Catoryctis nonolinea

Scientific classification
- Domain: Eukaryota
- Kingdom: Animalia
- Phylum: Arthropoda
- Class: Insecta
- Order: Lepidoptera
- Family: Xyloryctidae
- Genus: Catoryctis
- Species: C. nonolinea
- Binomial name: Catoryctis nonolinea T. P. Lucas, 1894

= Catoryctis nonolinea =

- Authority: T. P. Lucas, 1894

Species of moth

Catoryctis nonolinea is a moth in the family Xyloryctidae. It was described by Thomas Pennington Lucas in 1894. It is found in Australia, where it has been recorded from New South Wales and Queensland.

The wingspan is 13–15 mm.

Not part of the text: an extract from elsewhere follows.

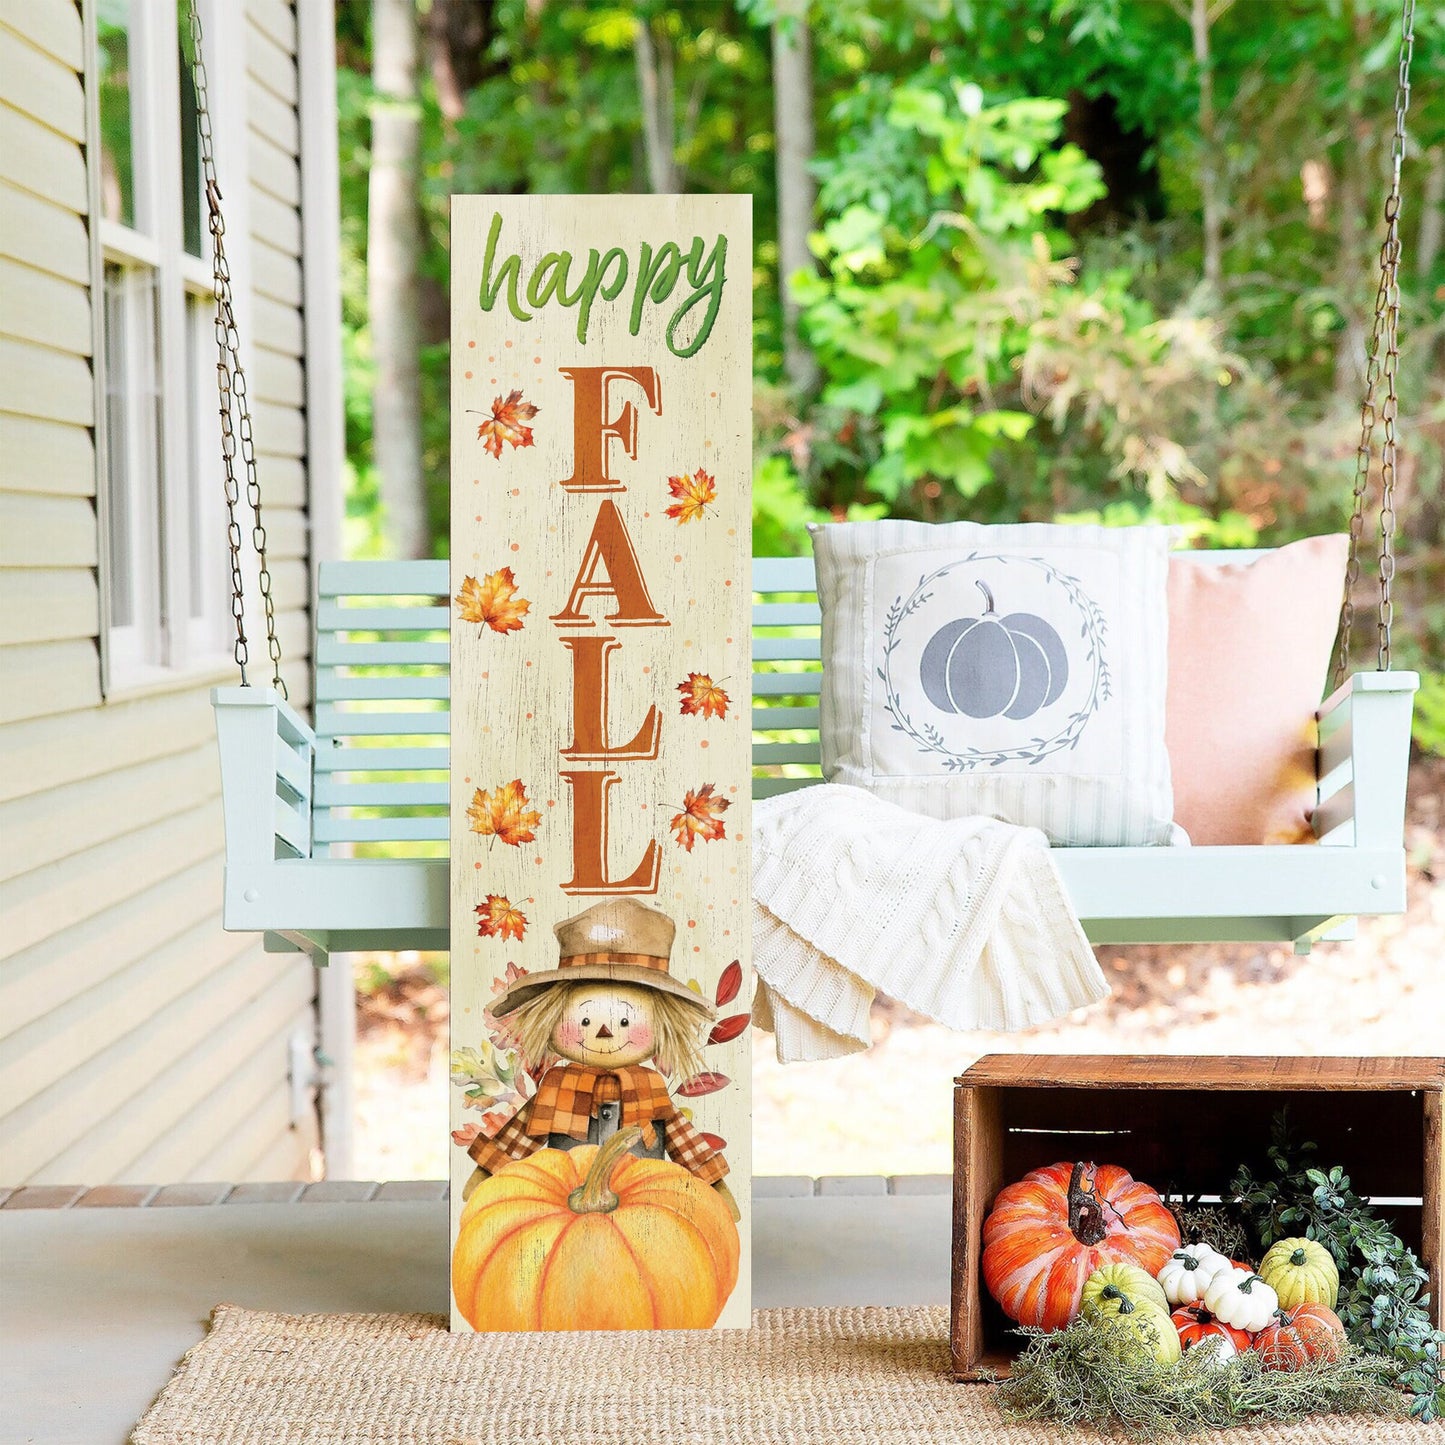 Welcome Autumn: 36in 'Happy Fall' Wooden Porch Sign with Unique Scarecrow Design - Perfect Seasonal Decor for Your Front Door or Porch!

The forewings are rich chocolate fuscous with ochreous-silvery lines and a slender attenuated streak immediately beneath the costa from the base to two-fifths, a thin line immediately beneath this at two-thirds running obliquely to two-thirds of the costa, two short thin lines immediately beyond this and parallel, a short arrowhead line immediately beyond broadening in the apical angle to the apex, with a tendency to divide at the apex, a moderately broad straight line from just before the middle of the wing to one-third of the hindmargin, with a tendency to divide before the hindmargin, a narrower line immediately beneath and parallel to this imperfectly divided on the hindmargin, a moderately broad streak from the inner margin at the base to the anal angle, with a similar line parallel and close to the inner margin. The hindwings are light shining ochreous, with a fuscous cloudy suffusion at the apical angle narrowing to a point opposite the middle of the hindmargin.

The larvae possibly feed on Casuarina species.